SEN Unit to boost life skills training for children in special schools
The Special Education Needs (SEN) Unit of the Department of Education hosted a Special Education Needs and Disability Daily Living Skills Camp for children with disabilities and those who learn differently.
This initiative recognised the difficulty students with learning challenges, intellectual disabilities and physical limitations face on a more academic based curriculum and therefore boosted their education by equipping them with different skills.
National Special Education Needs officer Savvie Hopkinson emphasised the value of these camps.
“Because our aim at the end of this education process is to make children independent, functioning and contributing members to their families, communities and Guyana as a whole. To aid in that process what we did over the August period, we hosted some SEN camps.”
These were life skill camps that aimed to give the children marketable skills that will benefit them after they exit the education system. Special needs schools retain some students up to the age of 21.
Students were taught cosmetology, physical fitness, how to make simple snacks, tie dye, bedmaking, quilting and painting.

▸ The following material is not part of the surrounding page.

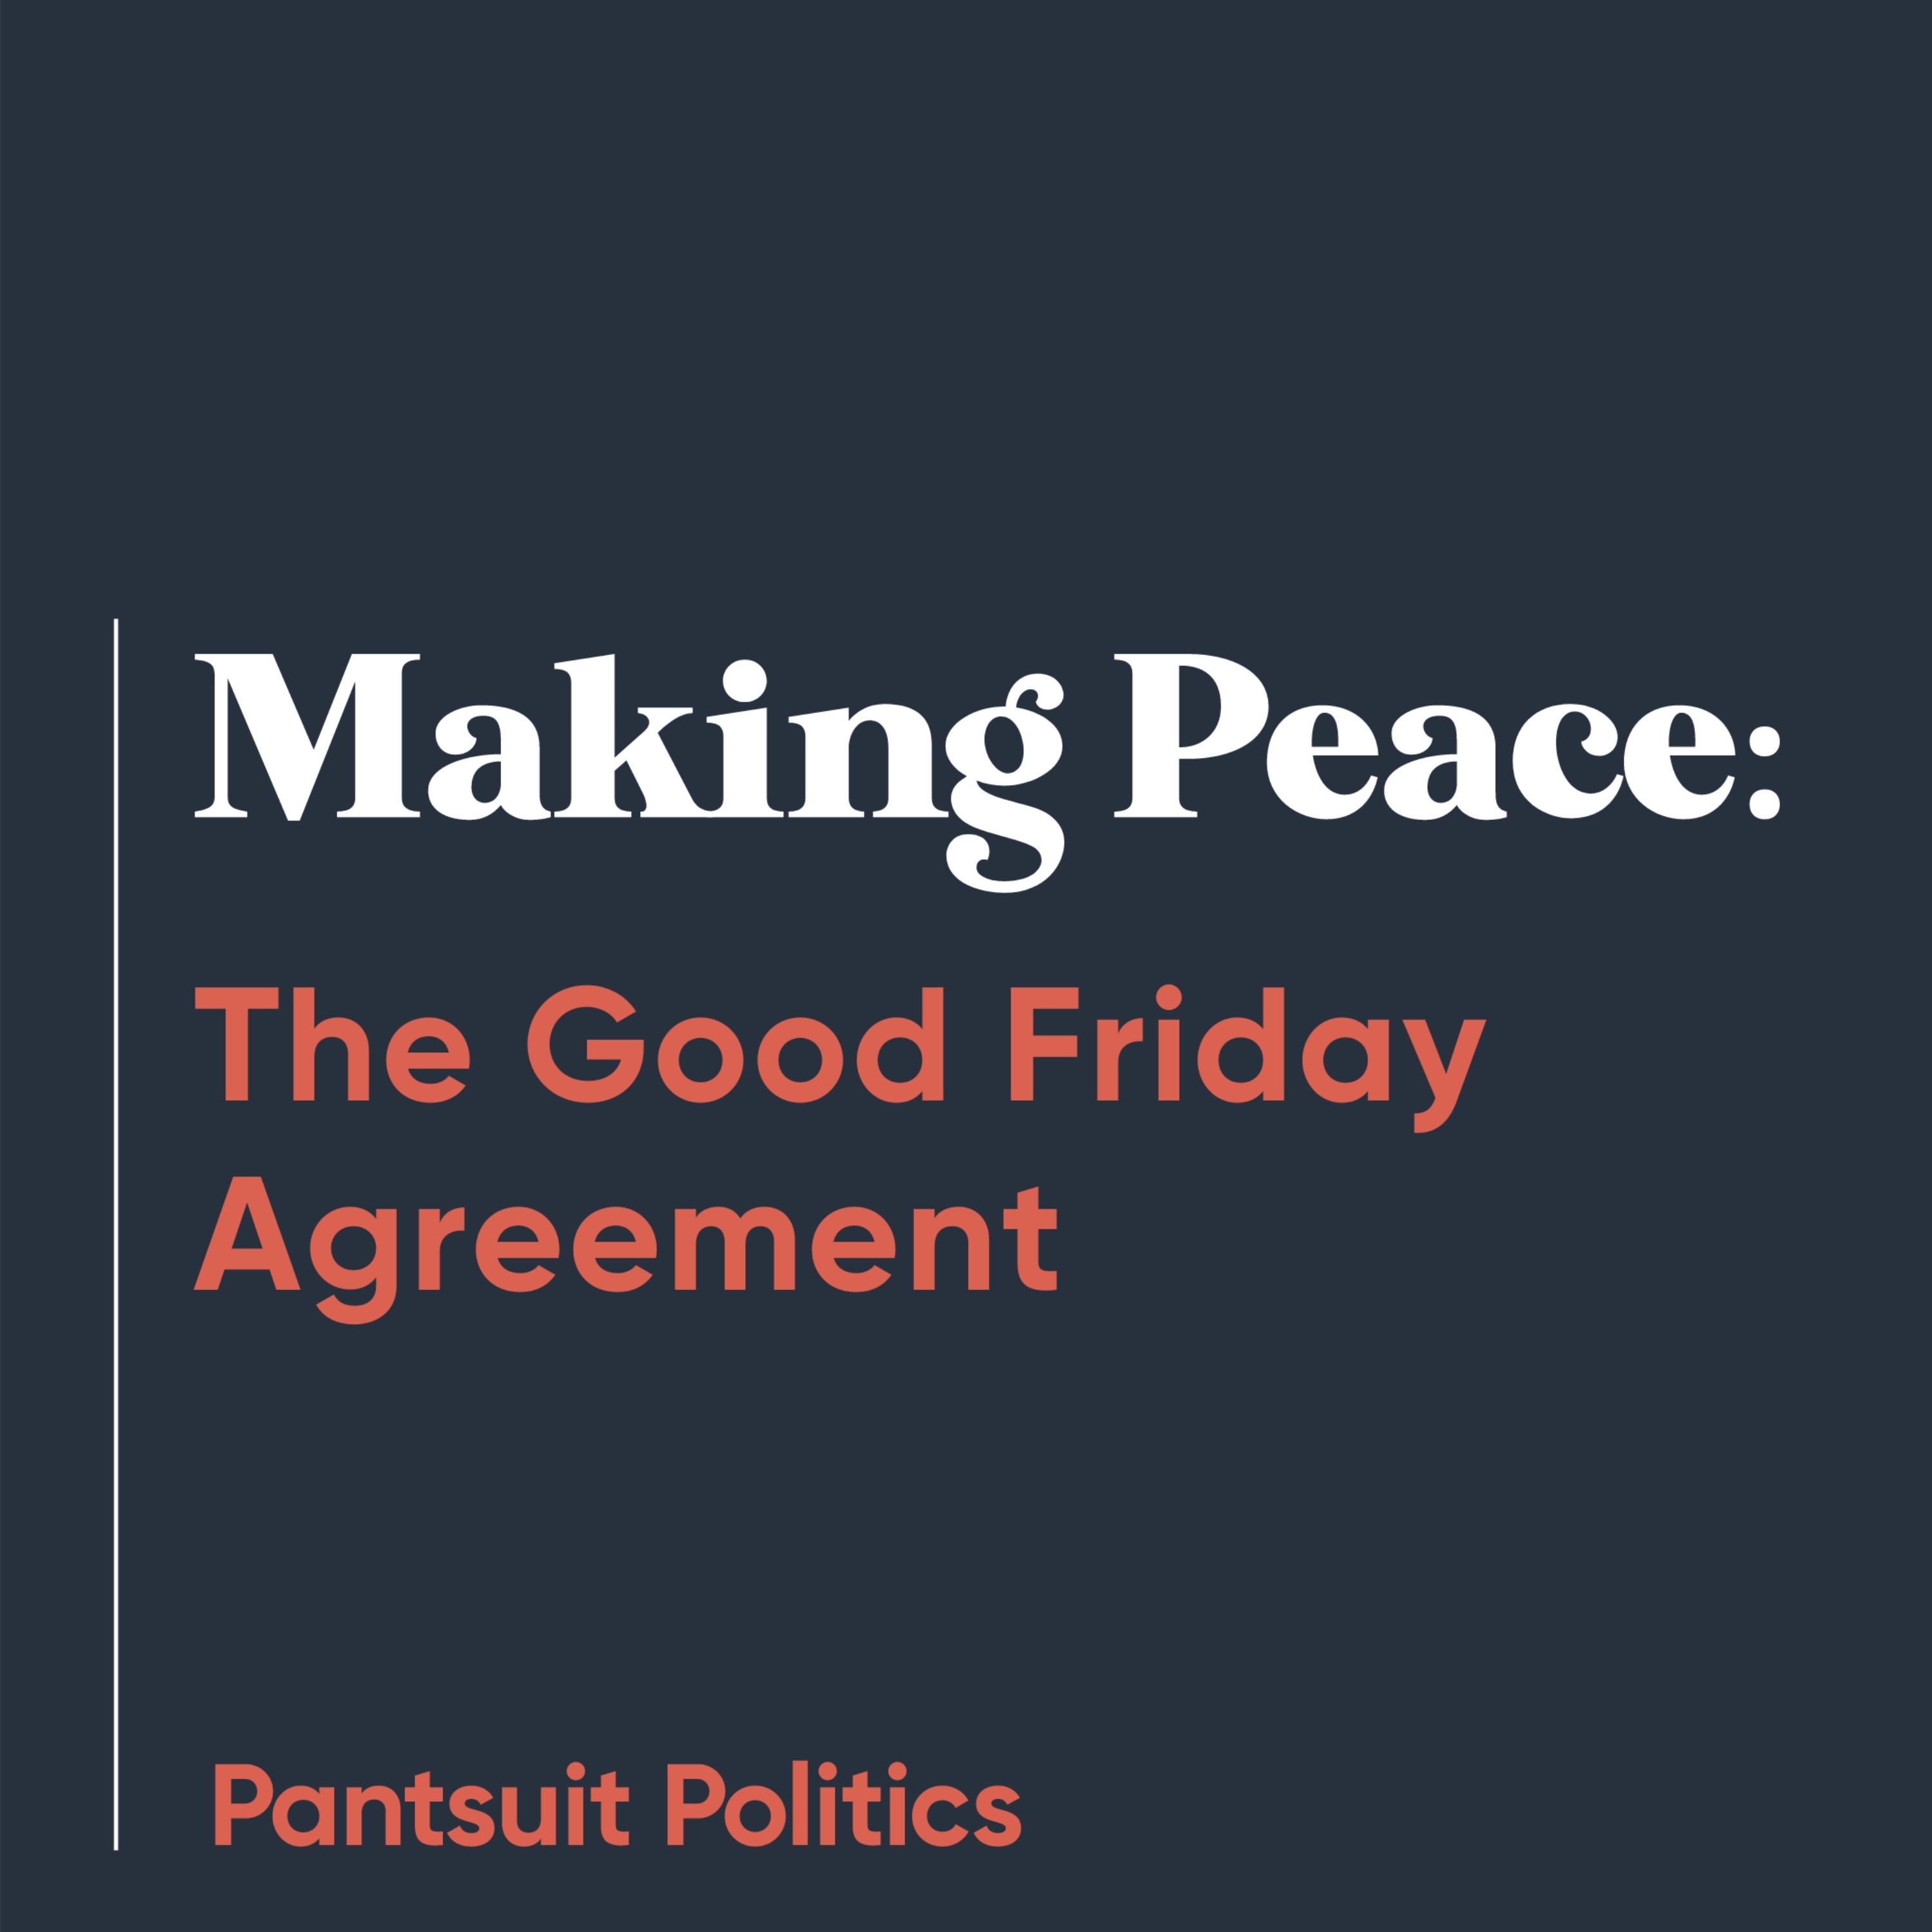 Making Peace: The Good Friday Agreement

The Special Education Needs Unit believes this will help the students be better able to earn money and become independent after leaving school.
Hopkinson says these were hosted in Regions Six, Seven and Ten.
“Hopefully for the new year, we we’ll be able to include some other regions. Because not only were those life skills suitable for that time during the period of the camp, but now those same skills and activities are incorporated into the everyday teaching instruction for our students.”
She says, following on from the camps, teachers were able to continue on with some of the activities.
Statistics as of September 30 show there are 759 students (476 males and 283 females) across all 13 Special Schools in Guyana.